Here’s a link to a Marketplace radio commentary that aired yesterday in which I argue that search engines should give you a cut of their ad revenue when you click through on an ad. Microsoft’s cashback system pays you if you click through and buy. But just the act of consuming the ad should have some value even if you don’t buy.
We’re used to thinking of Paypal and Google checkout as micro-payment services, but they can also become micro-compensation services. If you watch a commercial on Google TV, Google could credit your account.
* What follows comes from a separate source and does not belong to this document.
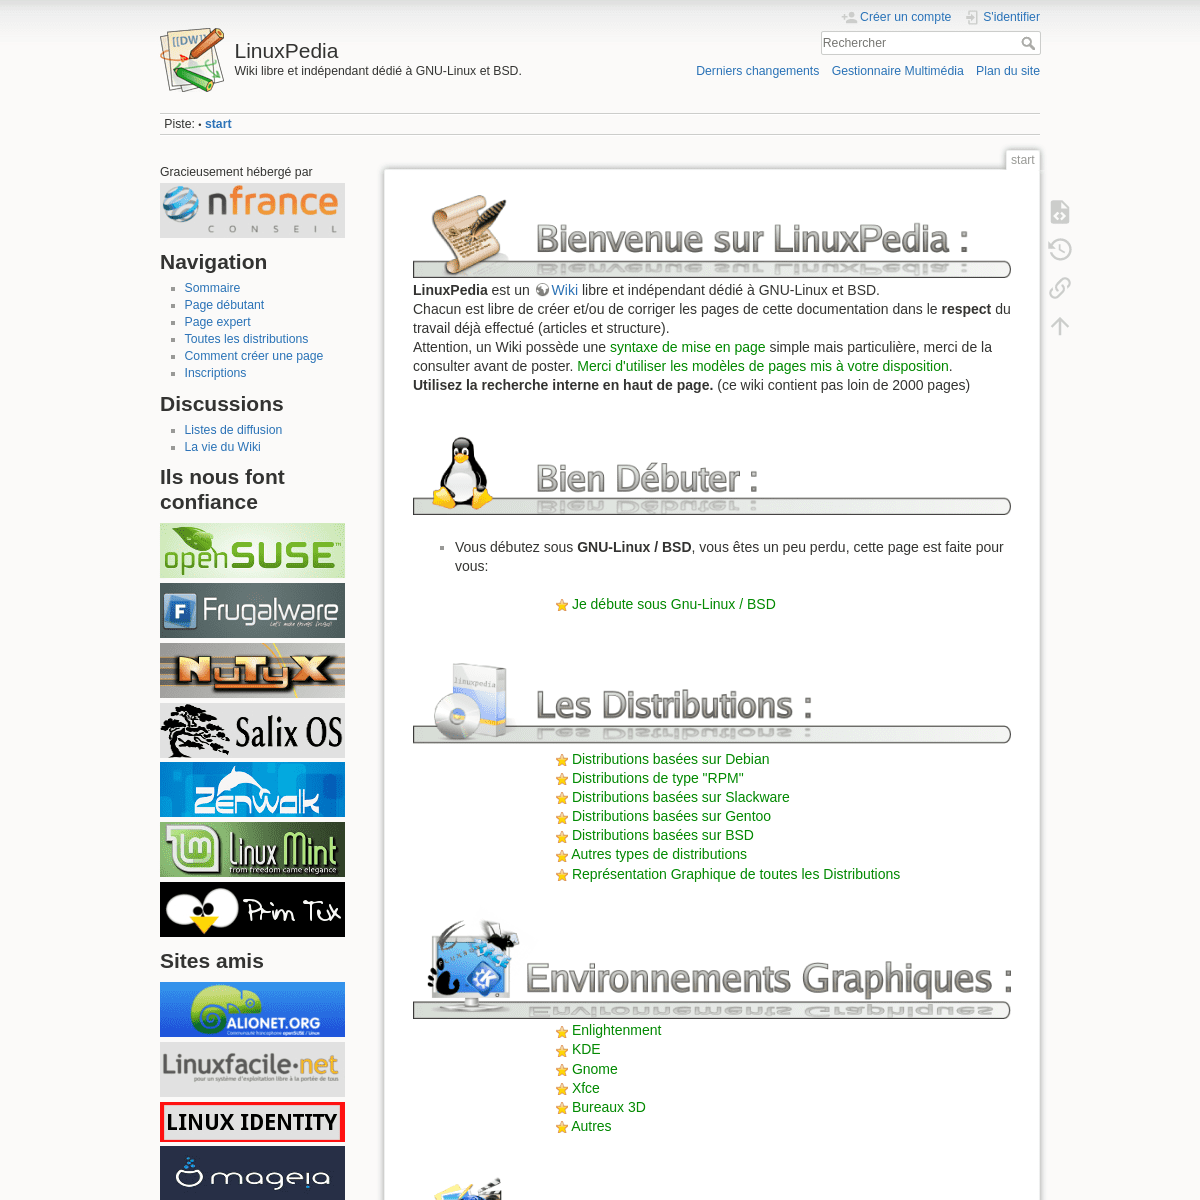 A complete backup of https://linuxpedia.fr

I’ve written a (long) academic article showing how compensated calling could be easily incorporated into the current “do not call” regs — so that you could even set whatever price you wanted to listen to telemarketing calls. (I’ve also published OpEds on the idea here and here.) Instead of making an all-or-nothing choice about whether to block all telemarketing calls, a lot of consumers would prefer to set an intermediate price and just block those calls that aren’t willing to pay their price.
Compensated advertising fits perfectly with Google’s revolutionary model. It gives advertisers even better incentives to make ads relevant for specific consumers. Compensated ads are literally valuable.
Of course you have to worry about moral hazard. Some consumers will insincerely click through just to get the compensation. But advertisers have simple counter strategies to limit these shenanigans — such as limiting the total compensation or blocking consumers who click but never buy.
A bunch of other firms besides Microsoft have started down this path. After my commentary aired, I got an email from the president of mindshare.com. Mindshare will compensate you if you click through on their ads (but it seems you have to accumulate $100 before you can actually retrieve your compensation).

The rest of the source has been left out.